▸ Material provided
_ _ _ _
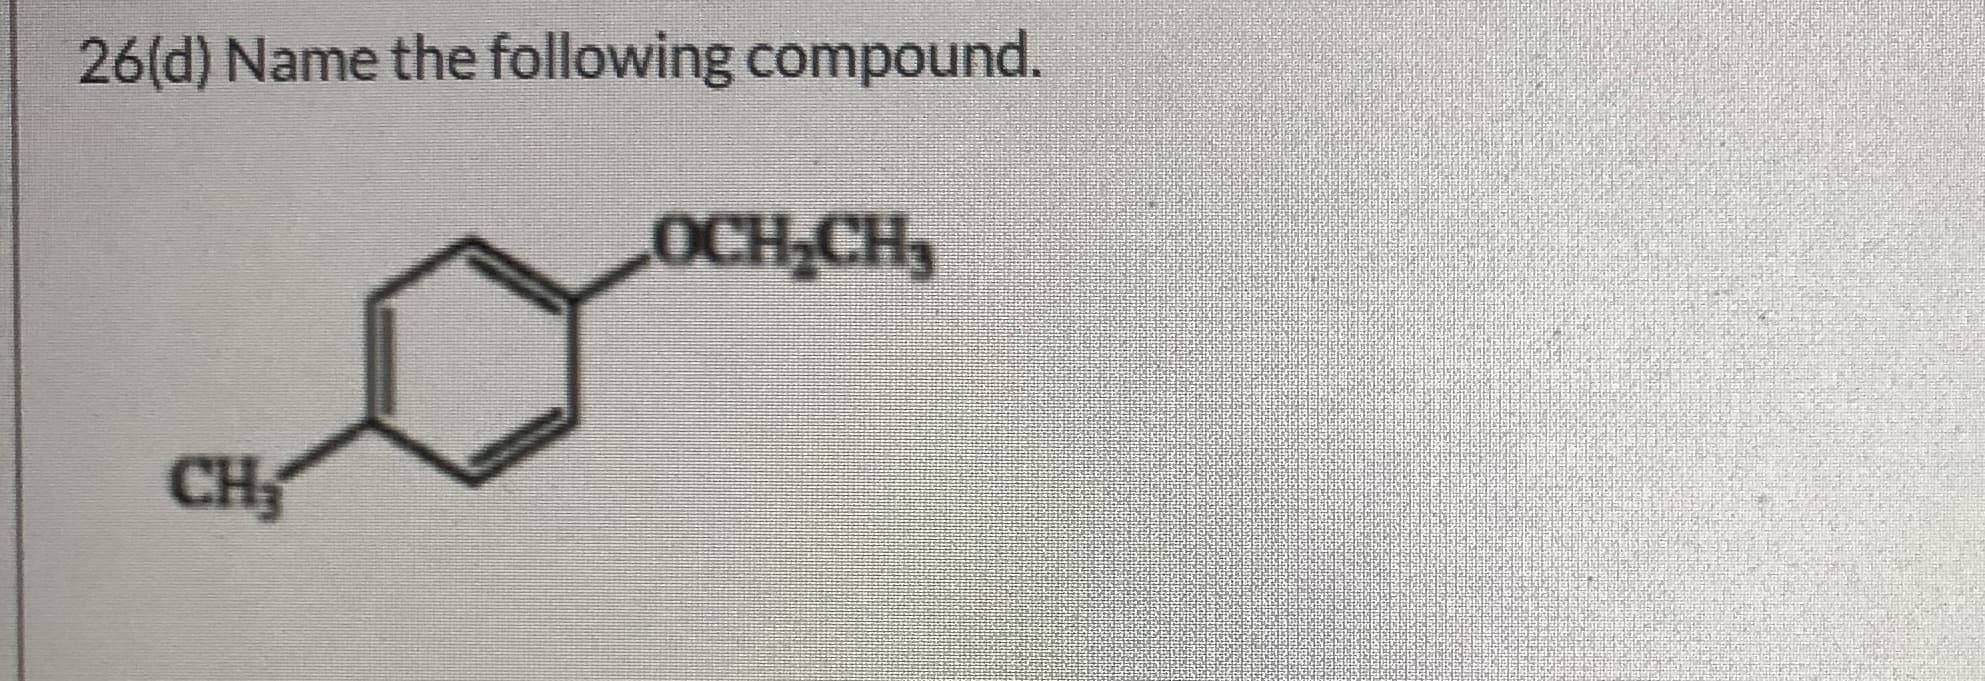 26(d) Name the following compound.
OCH,CH
CH
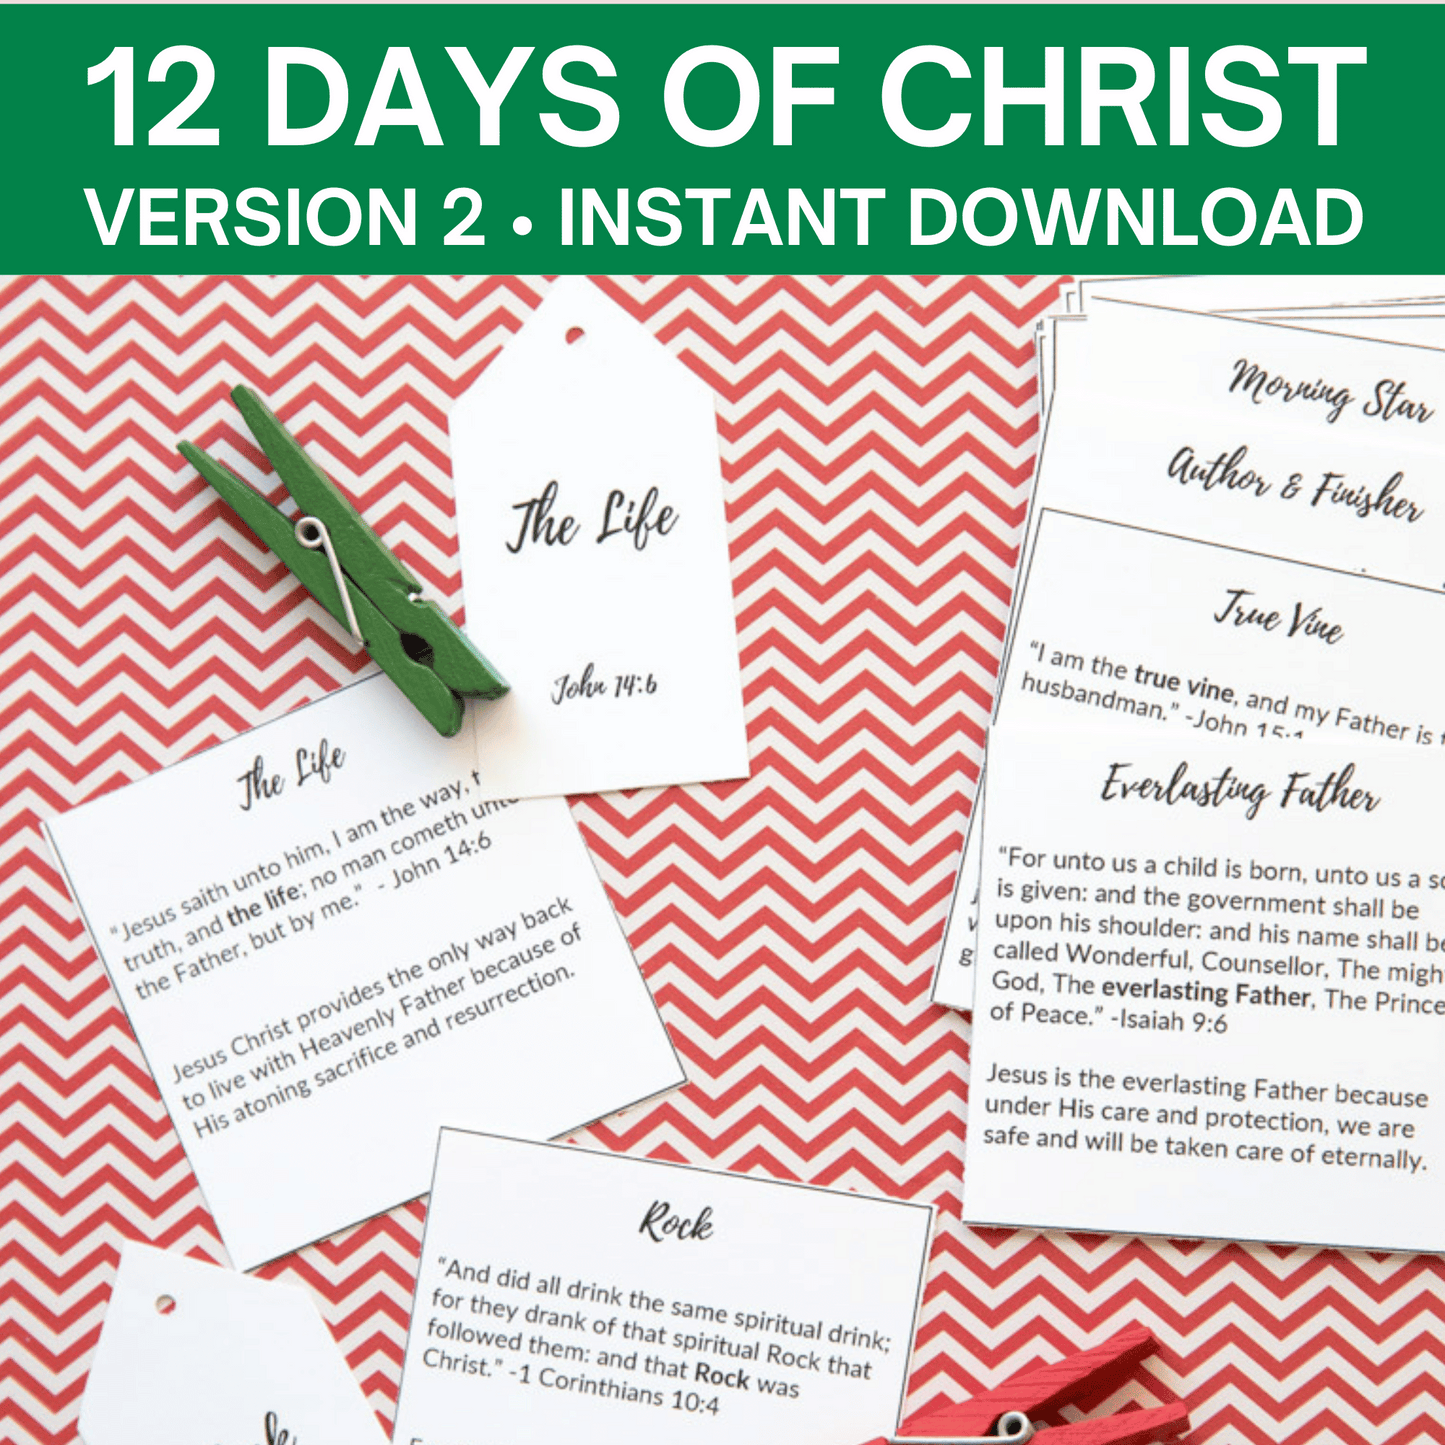 12 Day of Christ Bundle- 45 Name Tags, Gift Ideas, Companion Cards, & – So  Festive!
_ _ _ _
▸ Task goal
The response should restate the material above word for word and contain no pictures.

▸ Response for this exercise
 26(d) Name the following compound.
OCH,CH
CH
 12 Day of Christ Bundle- 45 Name Tags, Gift Ideas, Companion Cards, & – So  Festive!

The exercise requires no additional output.